BY Antoinette Alexander

PHOENIX Worksite clinics continue to grow in popularity as employers look for ways to curb soaring healthcare costs and instill a renewed focus on employee productivity. Recognizing the benefits such clinics provide, Maricopa County has become the first employer in Arizona to offer an integrated onsite pharmacy and health center through a partnership with Take Care Health Systems.

The new Take Care Health Center and Walgreens pharmacy, located at the downtown County Administration Building, will serve the county’s 12,500 employees and their dependents.

A ribbon cutting ceremony is slated for Jan. 13 in the County Administration Building. Several county officials will be on hand to discuss to the importance of the worksite clinic and pharmacy and its benefit to Maricopa County.

“Any time, but especially during these difficult economic times, it is vitally important for Maricopa County to improve employee health and lower expenses for the county and its employees,” said Mike Schaiberger, director of employee health initiatives and administrator of innovation for Maricopa County. “We expect the integrated Walgreens pharmacy and Take Care Health Center to reduce county costs by $575,000 while improving the health, satisfaction and productivity of our employees.”

The center, which will be staffed by a nurse practitioner who will provide treatment for acute, episodic conditions and administer vaccinations, and the pharmacy will be open Monday through Friday.

“Maricopa County recognizes the benefits a comprehensive onsite health care and pharmacy program can provide to employees, offering both convenience and cost savings,” said Peter Hotz, Walgreens divisional VP and president of Take Care Health Employer Solutions. “We look forward to addressing the county’s health care and pharmaceutical needs while helping to reduce costs and increase employee productivity and satisfaction.”

The county has worked with Walgreens Health Initiatives for more than six years to deliver pharmacy benefit management and other healthcare services to county employees and dependents.

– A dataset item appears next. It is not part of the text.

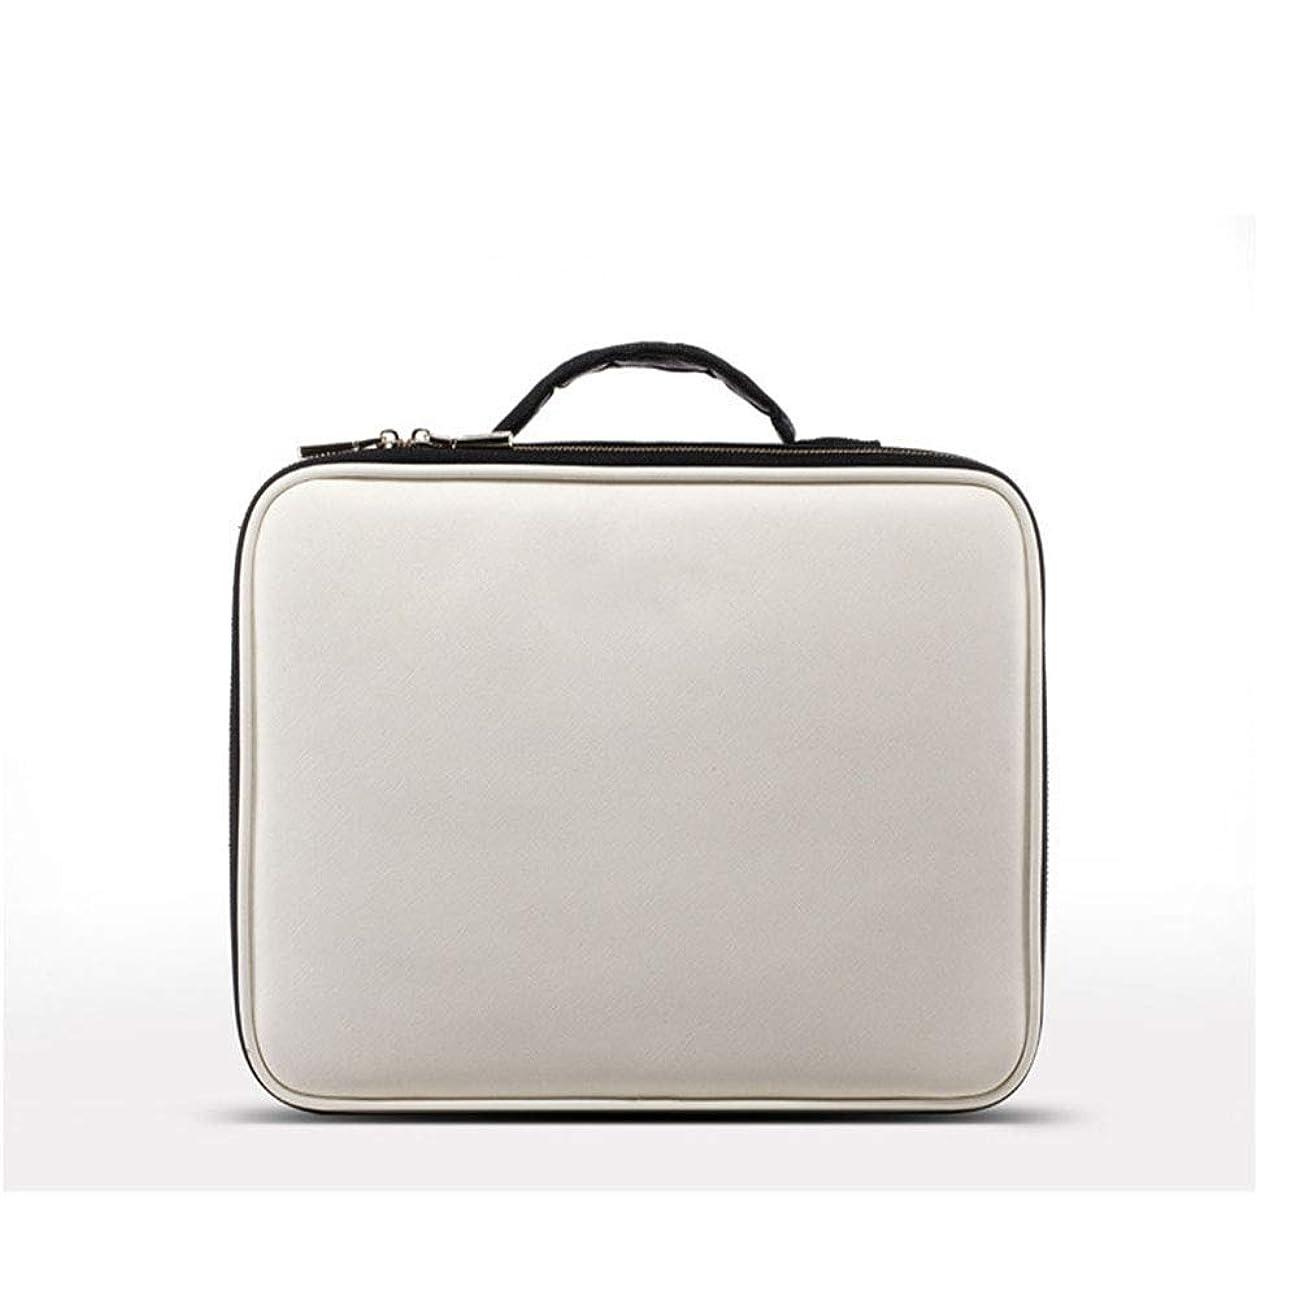 コインランドリー胴体普遍的な携帯用化粧品の箱、旅行構造箱の携帯用洗面用品のオルガナイザー用具の芸術家の収納袋男性および女性のために適した,26*23*9cm

The ideal client for a worksite clinic is an employer with 1,000 or more employees at a site, and, as reported in a recent issue of Drug Store News magazine, industry sources suggest that the market could bear as many as 5,000 worksite clinics.

“We are certainly less than 10 percent of the market right now and if we are the biggest that means there is a heck of a lot of market still left to go in terms of the traditional worksite model,” Hotz told Drug Store News during an interview in fall 2008. Take Care Employer Solutions is the division of Walgreens’ Take Care Health Systems that operates well over 300 worksite clinics.

Also representing an opportunity are those smaller employers who opt to team up to form coalitions to establish and share a facility.

A recent study by global consulting firm Watson Wyatt found that nearly one-third (29 percent) of companies have or plan to have an onsite health center by 2009, up from 27 percent in 2006. A separate Watson Wyatt study of 84 companies with onsite healthcare centers found that reducing medical costs was the chief reason 70 percent of companies have opened a center since 2000 (recent adopters).